Только одно затвердила она, повидимому, весьма основательно: в старину деньги "сами шли в дом, а теперь всё из дому". Неоднократно пытался я разузнать от нее, почему именно в старину была такая благодать, а теперь нет? и, конечно, ничего не узнал. "Отчего?" — спросил я. "Да вот от того!" — "Отчего же?" — "От всего". — "Нынче, — говорил я, — до Москвы доехать стоит два рубля по железной дороге, а в старину стоило рублей пятьдесят: в старину чиновник получал три рубля в месяц, а теперь нет писаря, который бы брал меньше тридцати. Теперь какой-нибудь кондуктор на железной дороге получает сорок рублей, а в старину сорок рублей получал генерал". Словом, подобрав ей множество опровержений, я всякий раз получал в ответ какую-нибудь необычайную нелепицу. "Да, да! — забормочет она. — Как же, генерал! так и есть! Да, да, вон на трех женах женился… так сейчас и генерал за это?"
Вдова, как женщина помоложе, отличалась от бабушки (своей матушки) тем, что иногда исправляла фактические неточности, например, скажет: "не на трех женах, а на двух". Или: "генералы и в старину получали много", но течение мыслей ее ничуть не различалось от течения их у бабушки, так как вдове, невидимому, вовсе не была заметна нелепица ее ответов.

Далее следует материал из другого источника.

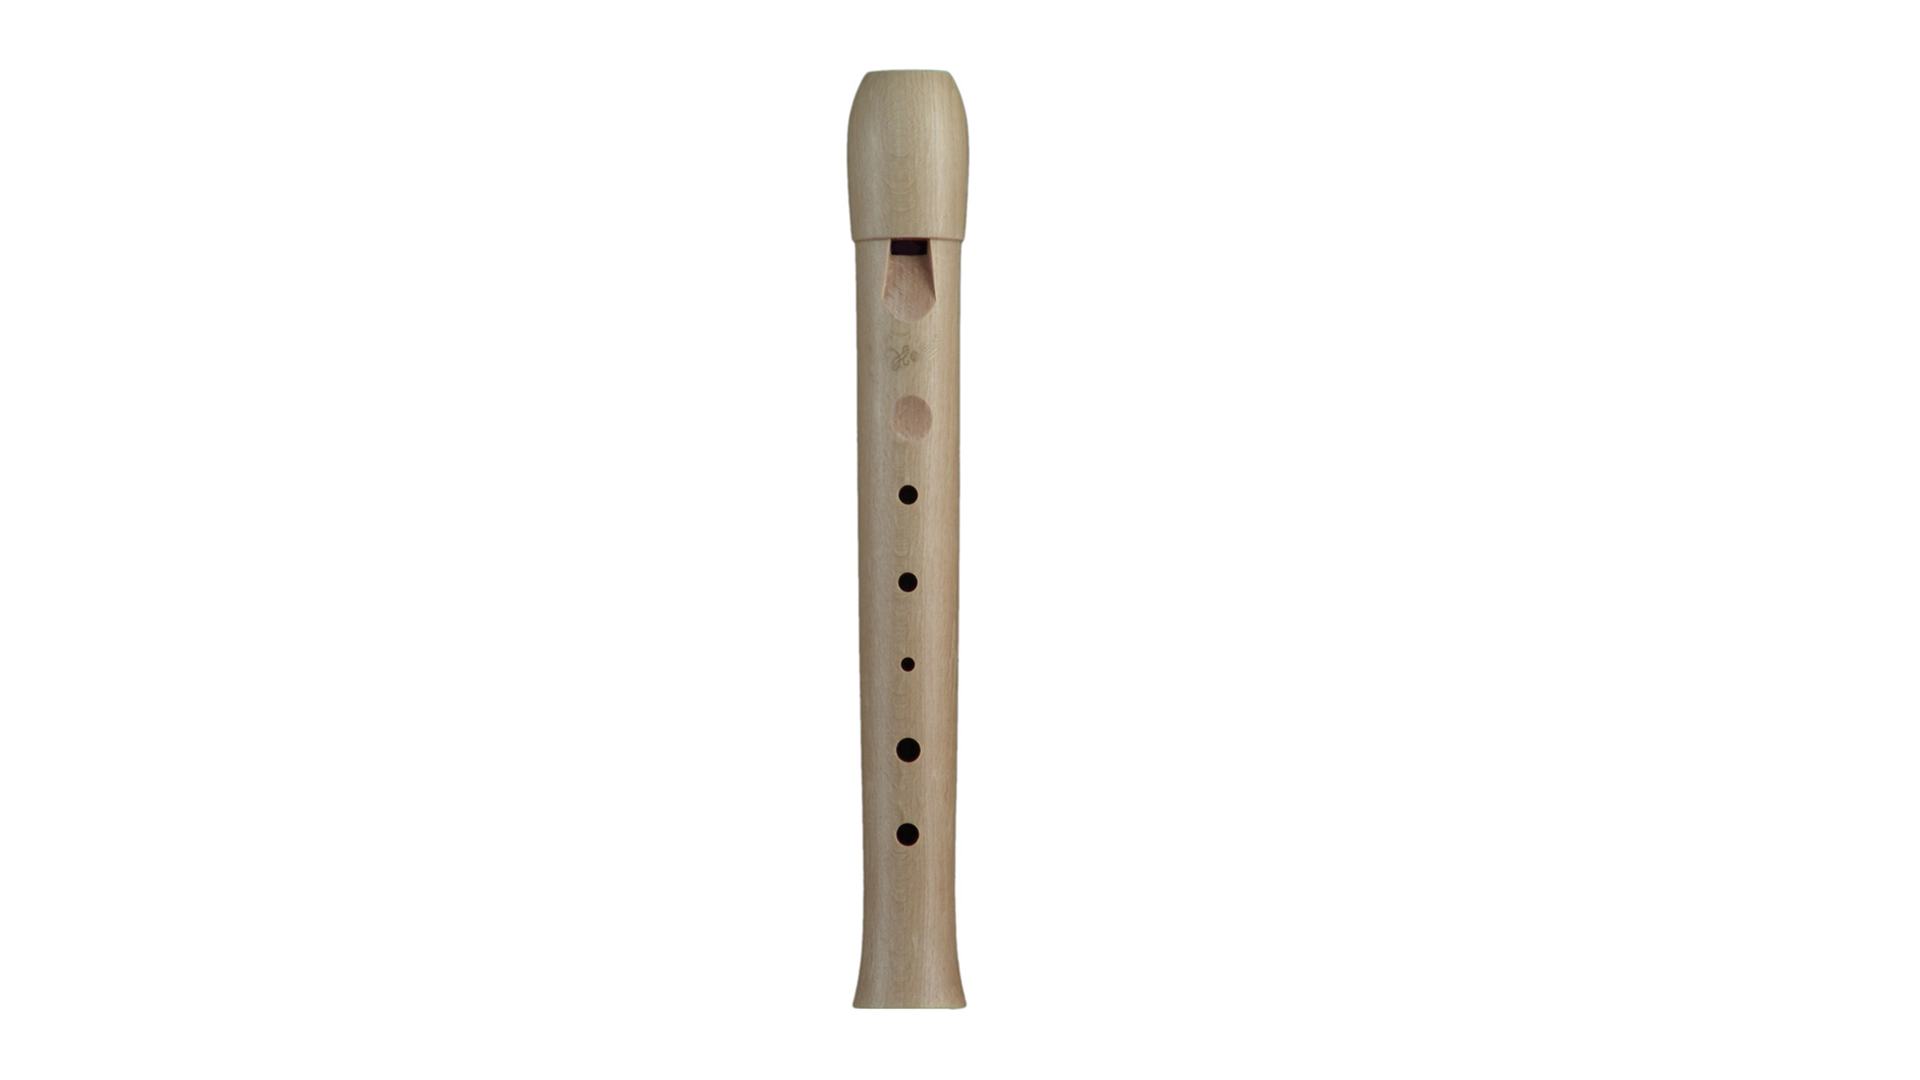 Hopf, "Kindergarten recorder", in g', 6 tones, maple
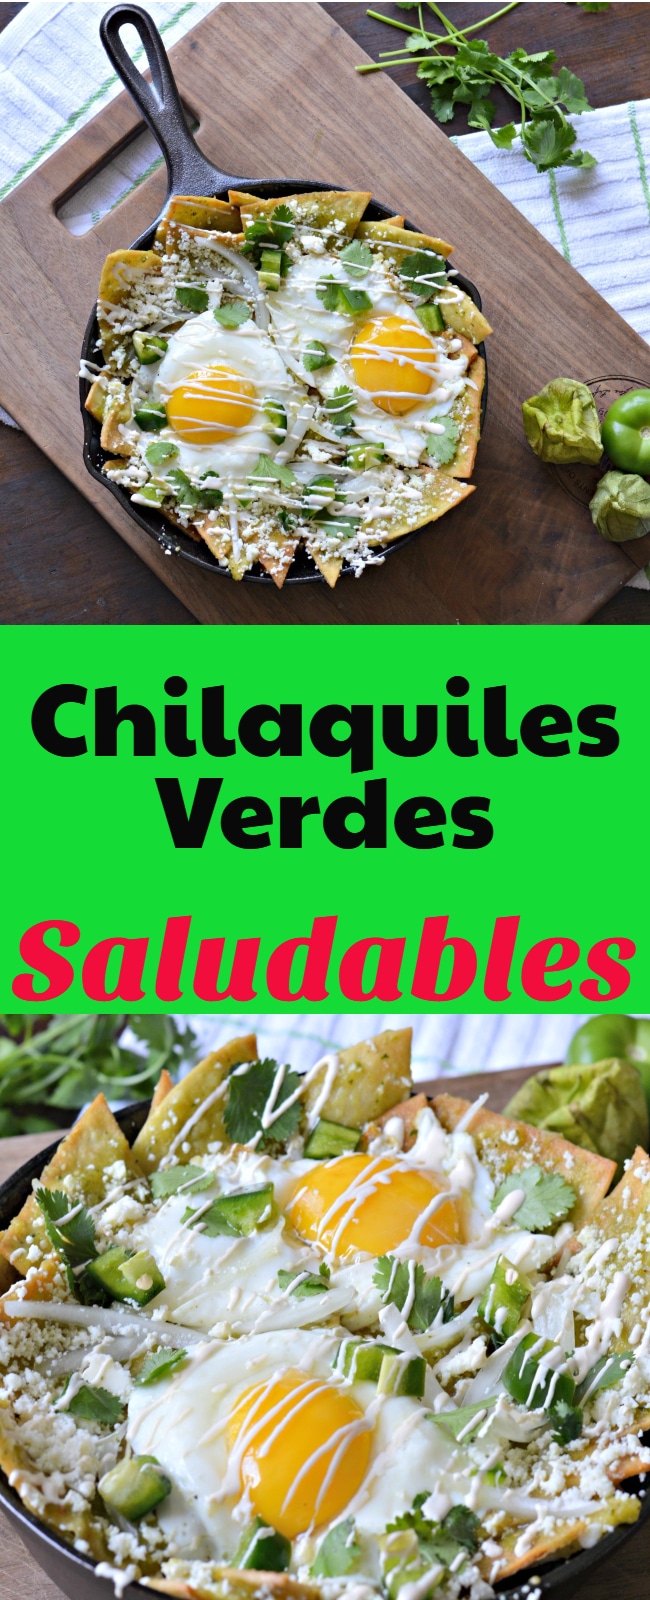 Estos Chilaquiles Verdes ademas de ser un desayuno completo y muy rico son tambien una nueva forma de cambiar las frituras por alimentos sin grasa, Te invito a que los pruebes!

Барышня, как представительница молодого поколения, уже ясно понимала, что на известный вопрос должен быть и ответ мало-мальски подходящий, и поэтому поминутно конфузилась за бабушку и за мамашу. "Ах, бабушка, или ах, маменька, разве они об этом говорят? Они об одном, а вы об другом, они говорят о том, что теперь жалованья больше, а вы "на трех женах женился!" Но когда я, поверив ее конфузливости за бессмыслицу бабушки и мамы и предположив в ней, на этом основании, большую смелость мысли, попробовал было завести с ней более или менее разумную беседу, то прародительская лень мысли вдруг ударила меня, как говорится, наотмашь, с первых же слов.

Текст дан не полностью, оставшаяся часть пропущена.